The second DW mound at the right probably to keep the golden ratio 1.618:1 ?

----------


## grey_fox

I'm keen on doing a valley as well as keeping the right simple by simply having a hairgrass field (which will probably take a while to grow), also I agree that the golden ratio will be kept, however, what will be the focal point if I add the other driftwood?

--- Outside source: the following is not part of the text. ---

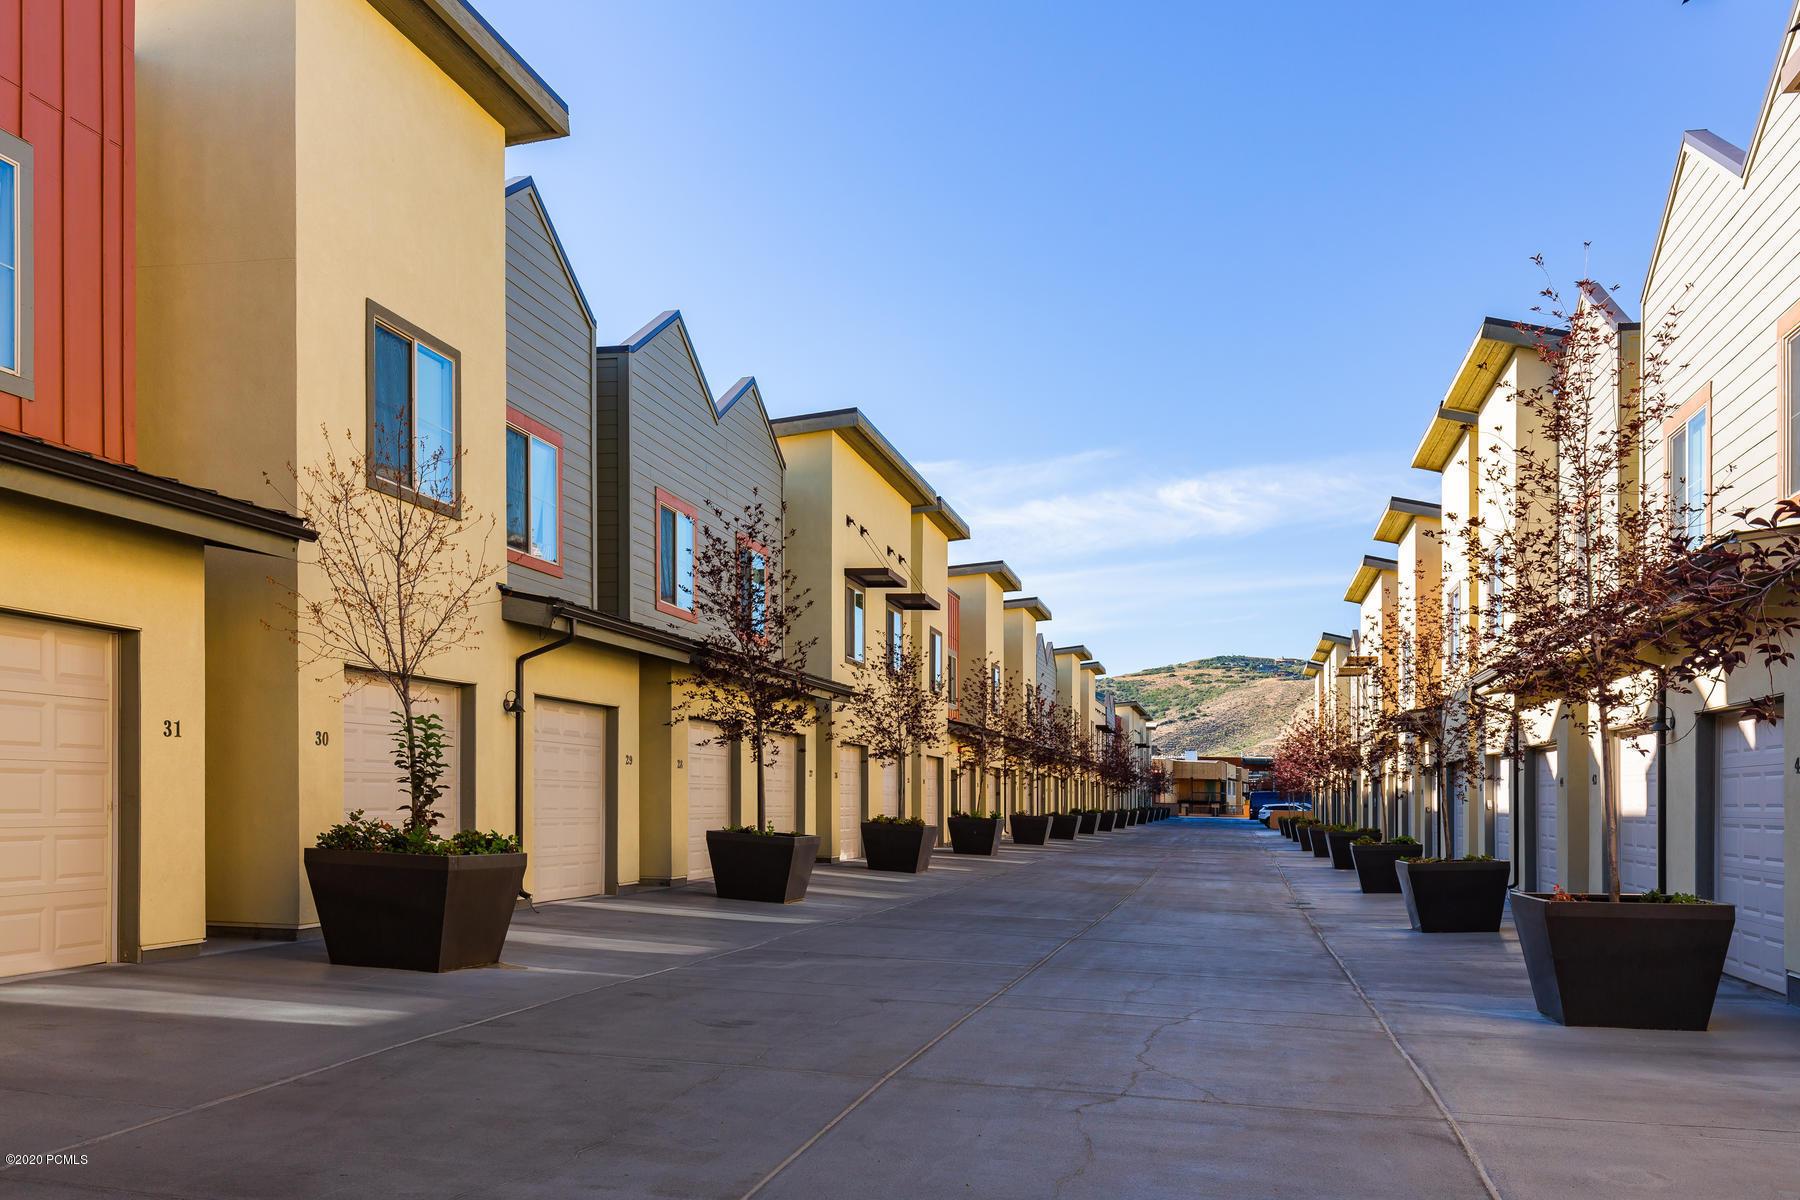 6169 Park Lane South, Park City, Utah 84098, 2 Bedrooms Bedrooms, ,2 BathroomsBathrooms,Condominium,For Sale,Park Lane,12002714

**Yah.. after spraining my neck and my upper right shoulder, makes me thinking if I should go about spraining the other side of my body as well.

----------


## michael lai

Try adding a smaller DW on the right( lower than the left DW ), your focal point will still be the DW on the left and you still get your valley. :Smile:  My 2 cents.

----------


## grey_fox

So, I should keep that lower driftwood planted with JF, Windelovs, etc as well?

----------


## michael lai

Moss and nana will be nice.

----------


## grey_fox

Hmmm... moss & nana. Looking for a driftwood would be the next issue... by the way, you do have tubs of taiwan moss right?

----------


## michael lai

Yea, and some still on DW, big and small. If you like can negotiate :Grin:  letting go cheap. I'm cutting down on tanks.

----------


## grey_fox

Will pop by tomorrow then to have a look-see, will you be in around 1030-1100?

----------


## Justikanz

I think your discus will prefer an echi, with its big leaves.  :Razz:  Anyway, with a 5ft tank, you can have an echi on the right corner and with a smaller piece of wood, you can create a psuedo-valley...  :Smile:  My 2 cents.

----------


## Fei Miao

Nice, I think the discus would love the open space, I would keep the echis near the back.

----------


## grey_fox

Thanks guys, really appreciate your feedback. 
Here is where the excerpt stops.